Inspires confidence and independent thinking.
Professor Siobhan Talbott is Professor of Economic and Social History in the School of Humanities and Social Sciences at Keele University, where she serves as Head of School and Director of Education for the School of Humanities. She also chairs the Faculty Student Experience and Engagement Group and leads the Strategic Research Group for Outputs in the Faculty of Business, Law, Humanities and Social Sciences. Talbott earned her PhD from the University of St Andrews in 2010, having begun her undergraduate studies there in 2002 and received funding for a Master's degree. Following postdoctoral research fellowships at the Institute of Historical Research, University of London, and the University of Manchester, she joined Keele as a Lecturer in 2014. She advanced to Senior Lecturer in 2018, Reader in 2022, and Professor in 2024.

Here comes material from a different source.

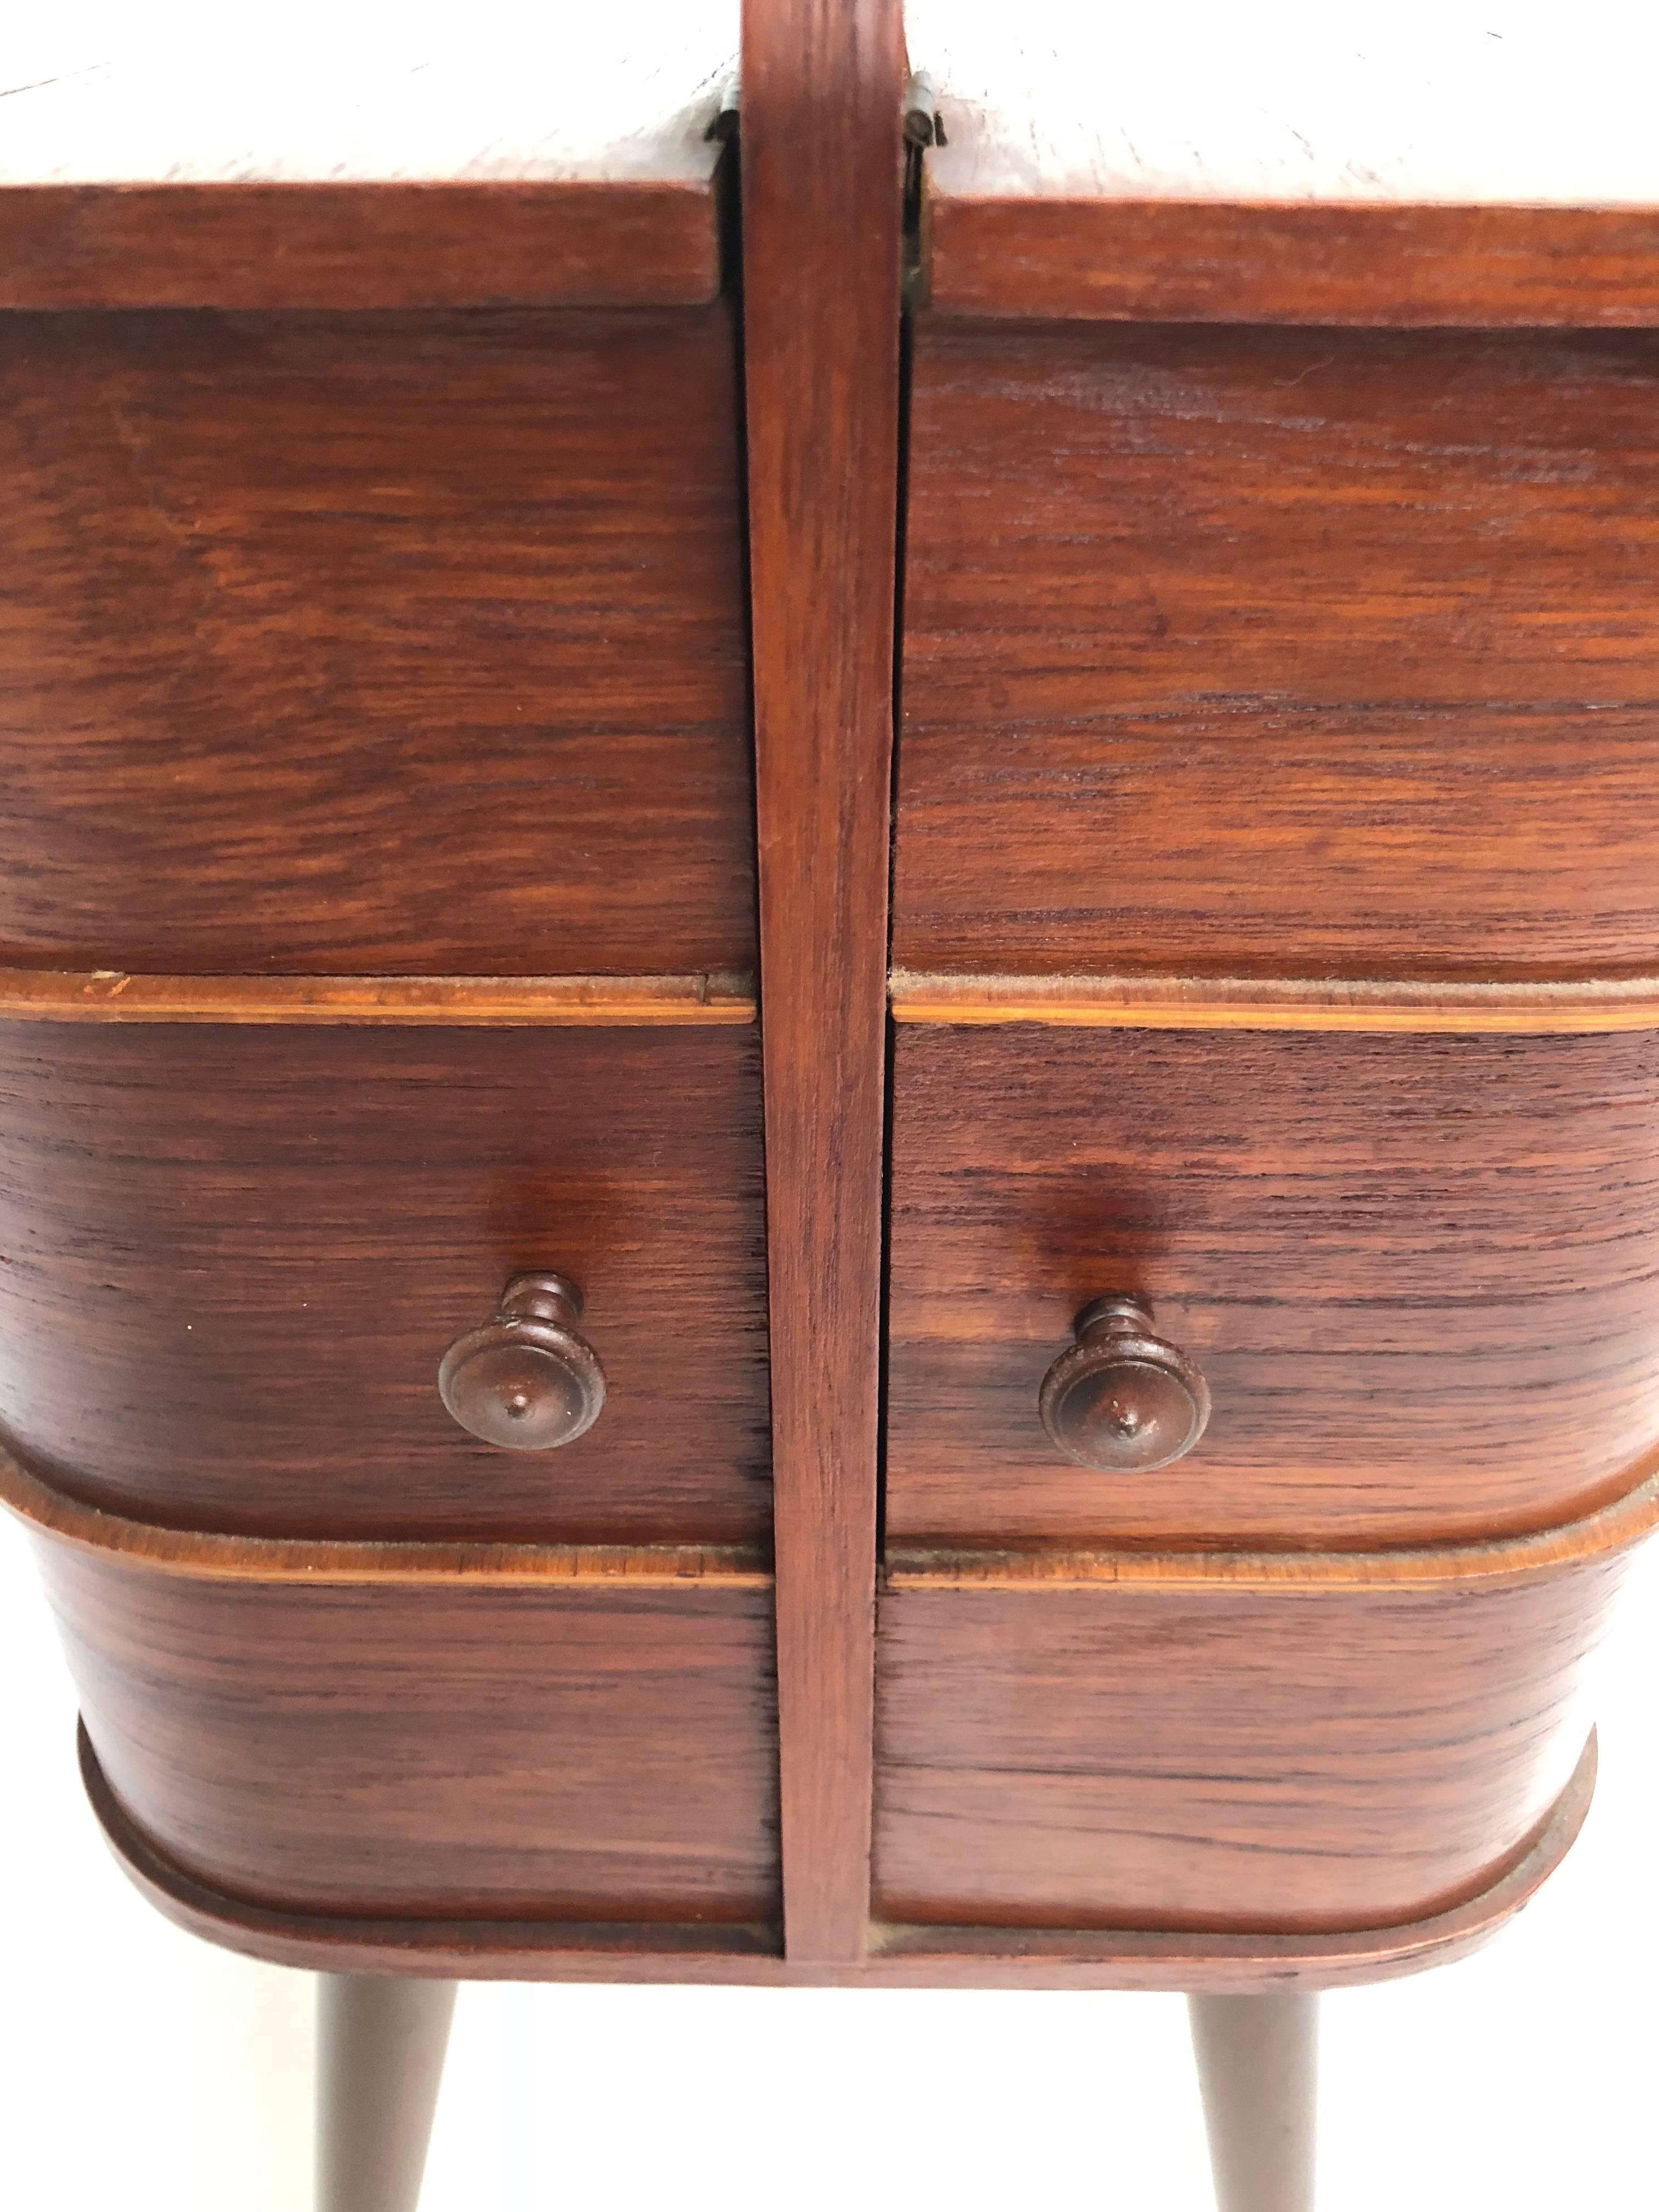 Mid-20th Century Adorable Danish Teak Plywood Sewing Box Distributed by Pastoe in the 1950s
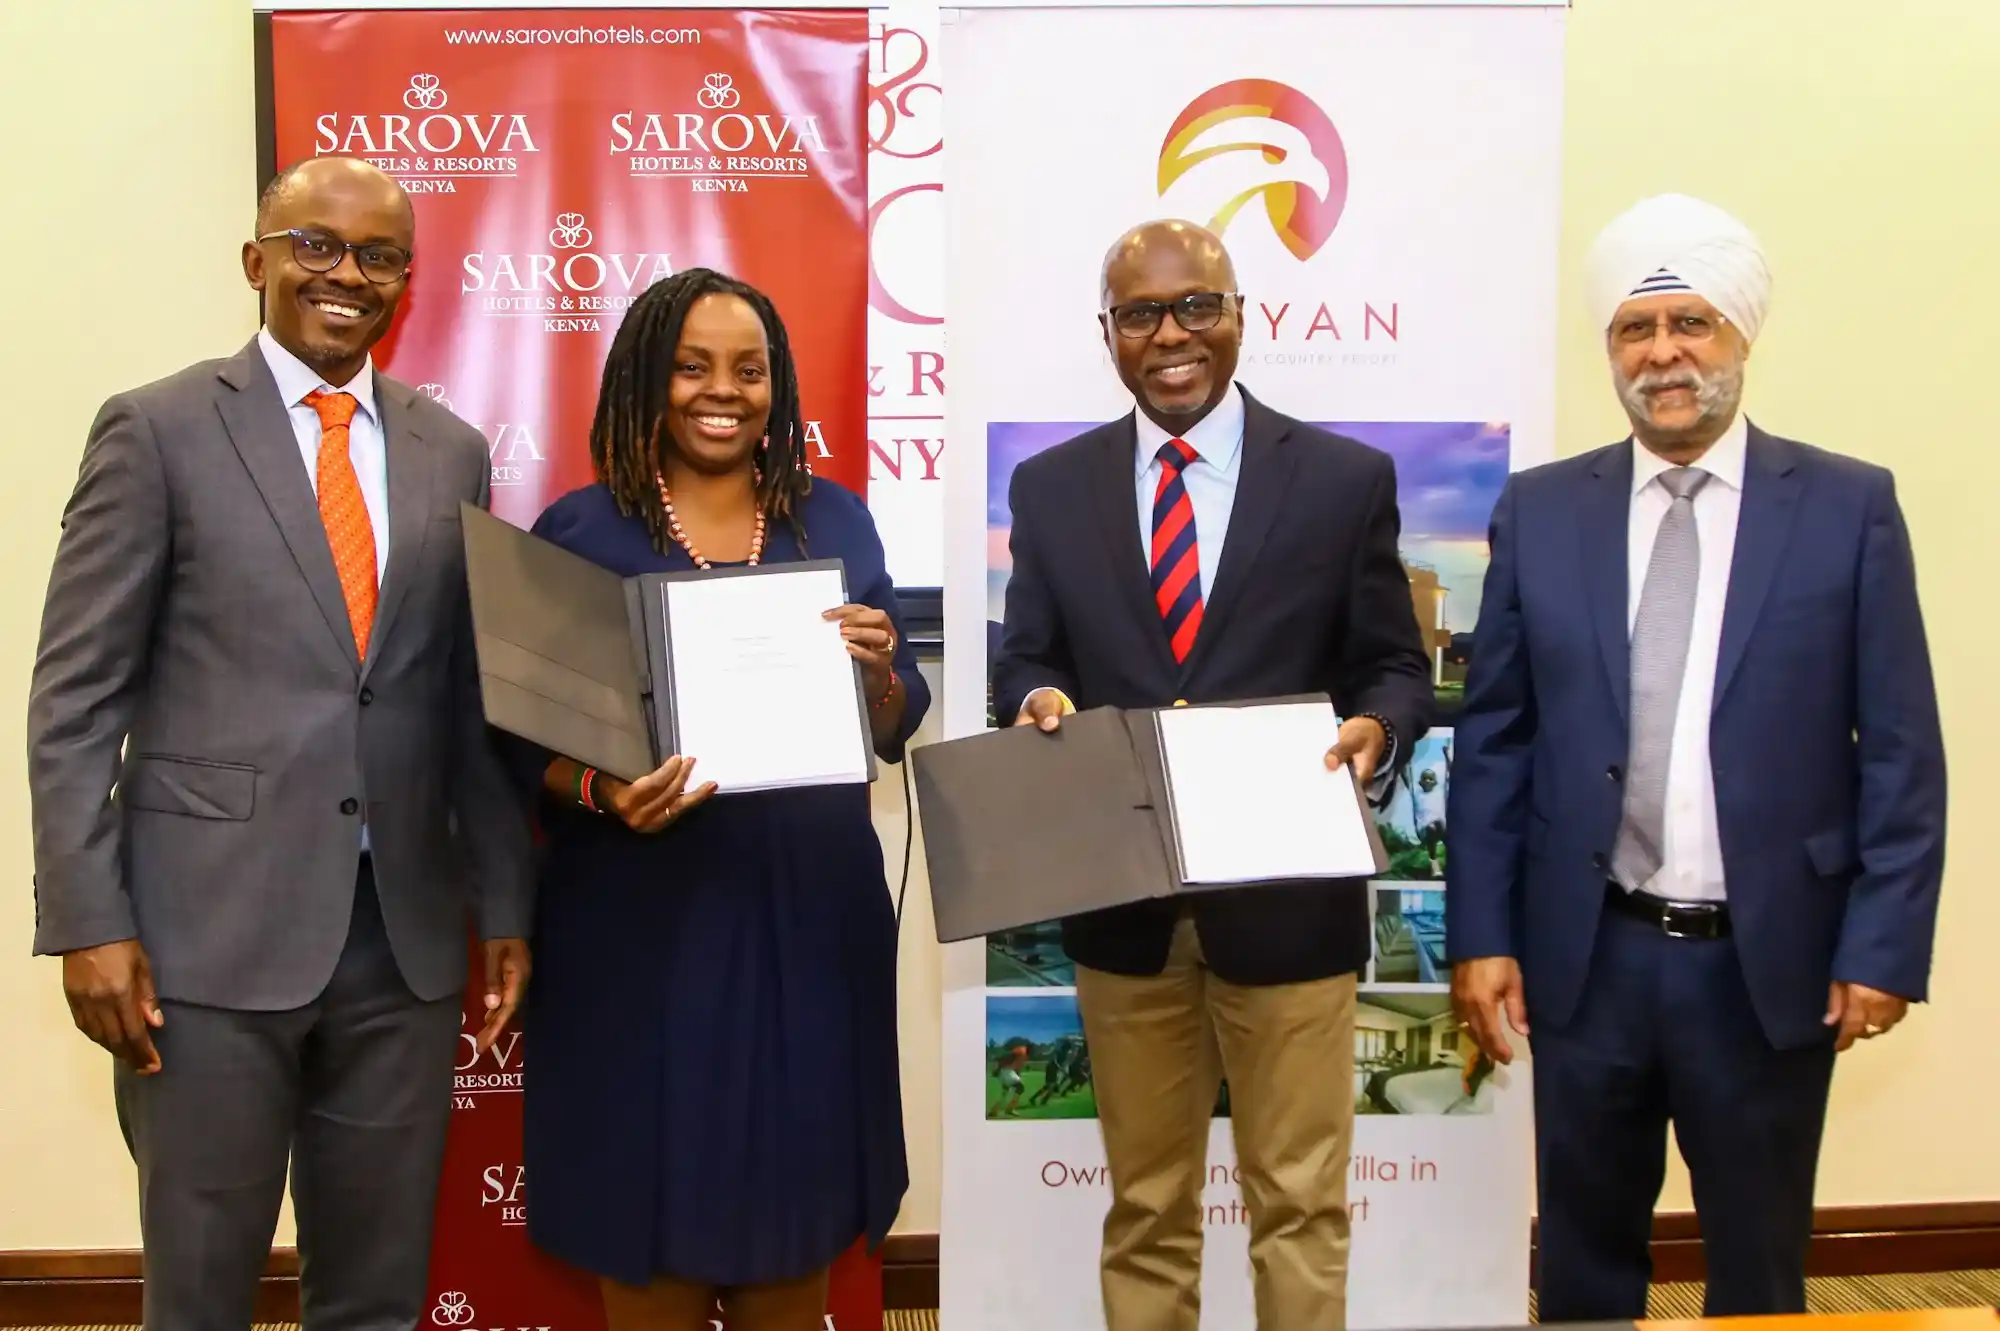 Sarova Hotels Group Managing Director, Jimi Kariuki (second right) and Maiyan Luxury Resort Director Joan Mworia (second left), exchange signed copies of the franchise agreement that will see Maiyan Resort rebranding to Sarova Maiyan Nanyuki, and becoming the ninth hotel under Sarova Hotels Group. Joining the two executives to commemorate the new partnership are Maiyan Luxury Resort Chairman James Mworia (left) and Sarova Hotels Finance Director Jagjit Ahluwalia (right).

An economic and social historian specializing in business history, Talbott's research examines how commercial information was created, disseminated, and received in the early modern Atlantic world, addressing information exchange, knowledge consumption, and business education acquisition. She has a particular interest in publishing critical editions of manuscript material. Her first monograph, Conflict, Commerce and Franco-Scottish Relations, 1560-1713, published in 2014, won the 2016 Senior Hume Brown Prize for the best first book in Scottish history and was highly commended in the Frank Watson prize competition. Earlier work on the Franco-Scottish Auld Alliance and British trade with France earned the IHR’s Pollard Prize, the Economic and Social History Society of Scotland's essay prize, the Northern Studies essay prize, and the Scottish History Society's Rosebery Prize. Talbott held an AHRC Leadership Fellowship from 2018 to 2022 and a British Academy Mid-Career Fellowship from 2022 to 2023, supporting her project on information and education in early modern business. Her forthcoming monograph, Knowledge, Information, and Business Education in the British Atlantic World, 1620-1760, is under contract with Oxford University Press. She co-edited Business News in the Early Modern Atlantic World with Sophie Jones (Brill, 2024), edited The Letter-book of Thomas Baret, 1672-1677 (Norfolk Record Society, 2021), and has two further editions under contract. Talbott is co-editor of the Royal Historical Society's Camden Series, a Senior Fellow of the Higher Education Academy, a member of the AHRC Peer Review College, and Pathway Lead for Economic and Social History for the ESRC NWSSDTP. She supervises PhD students and teaches on early modern Britain, Europe, and the Atlantic World.